Jonathan Blow: That's the only way I know right now to make a high quality game. There is a lot of attention to every detail. Braid was like that. I gave a talk about Braid and I pointed out some things I guarantee nobody in the audience had ever noticed in the game. Those were details I cared a lot about when I was doing it. The Witness is that same kind of thing.
Even if people don't observe and notice the detail consciously, they feel the sum of all that. It helps make the game feel special. If I were to start a big studio, I'm going to more abstractly sit back and creative-direct three or four games that I don't have that level of detail of influence on, I could do that, but they wouldn't come out the same.
So for this game at least, I want to make sure it has this detailed eye. For this next game, probably. However, it takes a long time to make these games. Probably three years again. If I only can make a game every three or four years, I'm 39 almost, so how many more games can I make before I'm dead? Not that many, suddenly.
Eurogamer: You mention The Witness is roughly 10 hours long. Call of Duty is six or something.
Jonathan Blow: I don't know for sure how long it is, but it's in that neighbourhood. Who knows? But I have this long list of games I want to make.
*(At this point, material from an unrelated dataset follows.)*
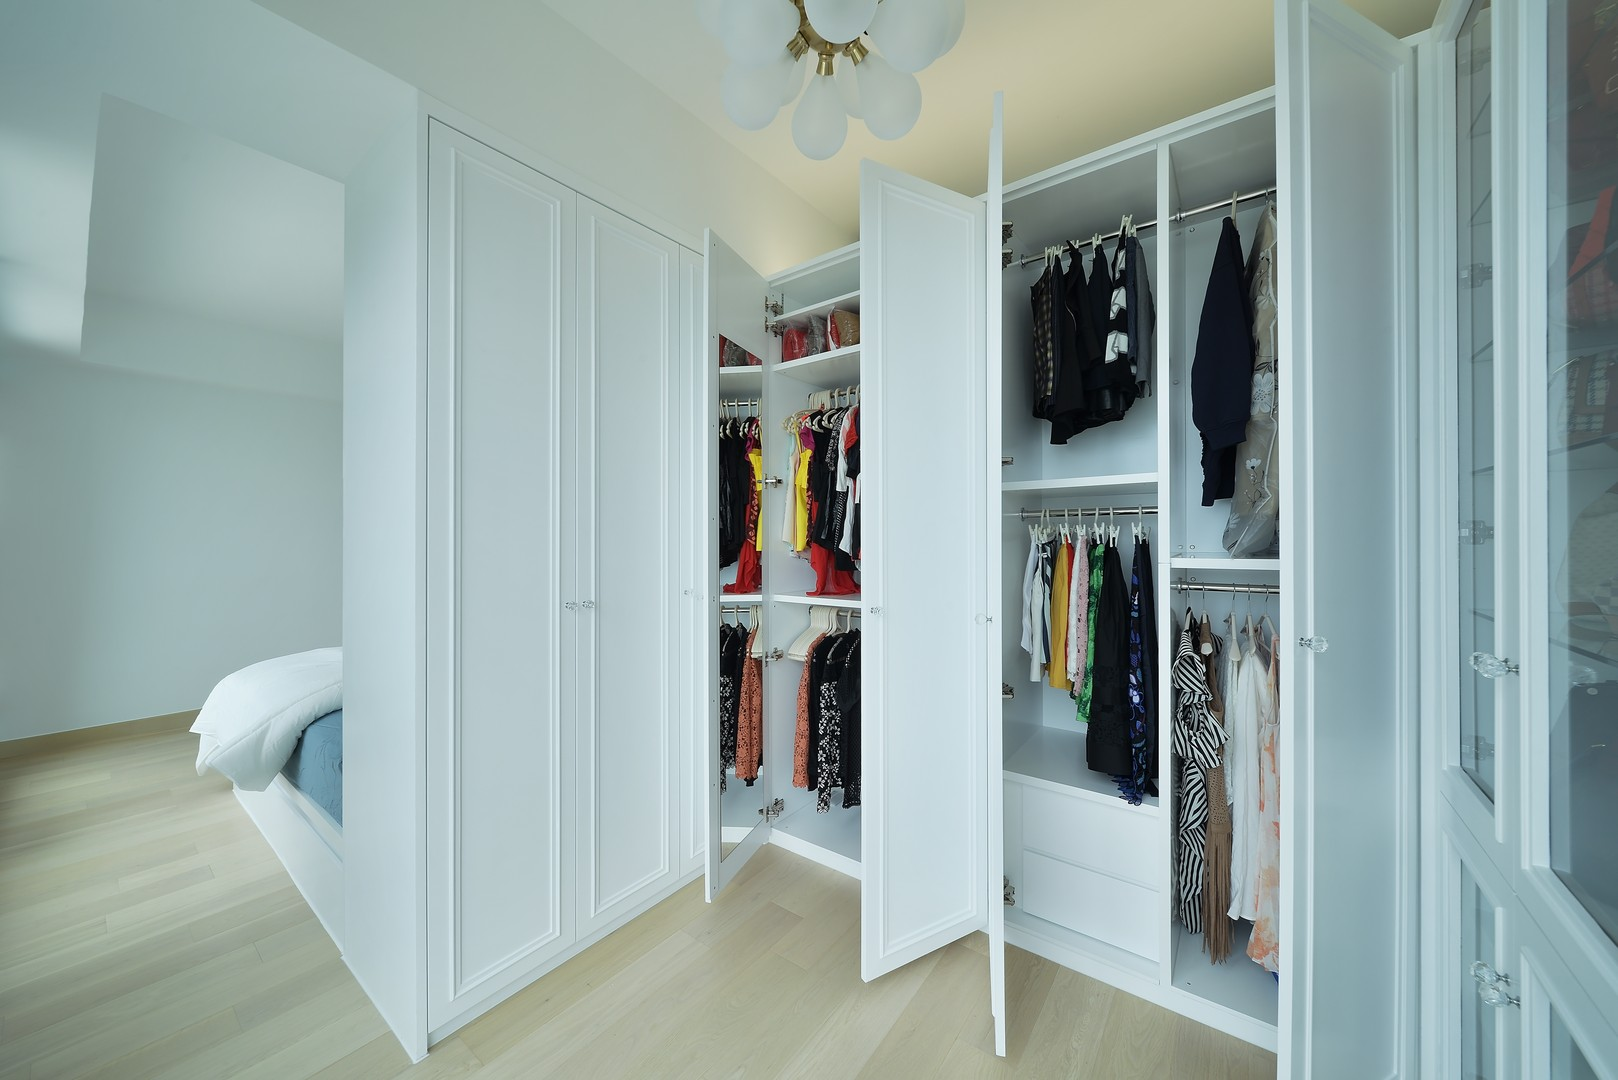 Inch Interior Design Hong Kong - The Capri 004

Every time I get an idea I type it into a file and there are 80 things on that list right now. I don't think I can make 80 games in this lifetime. They would have to come out pretty fast. Obviously I can only make some portion of those and I'm going to hopefully have new ideas that are even better as I get more experienced as a designer. But I do want to make some of those.
Right now what I'm doing are very much like art games. That's why I feel they want that personal touch. I might try and do this thing after this game is done where I maybe do two games at once – and they still have a lot of personal attention – but they're not quite art games in the same way. They're more, here's a game that represents some kind of gameplay I just want to get out in the world because I feel like it's good to make. It has a personal touch but it's not exactly the same kind of art game.
Jonathan Blow is the creator of Braid. His next game, The Witness, will launch Christmas 2011 at the earliest.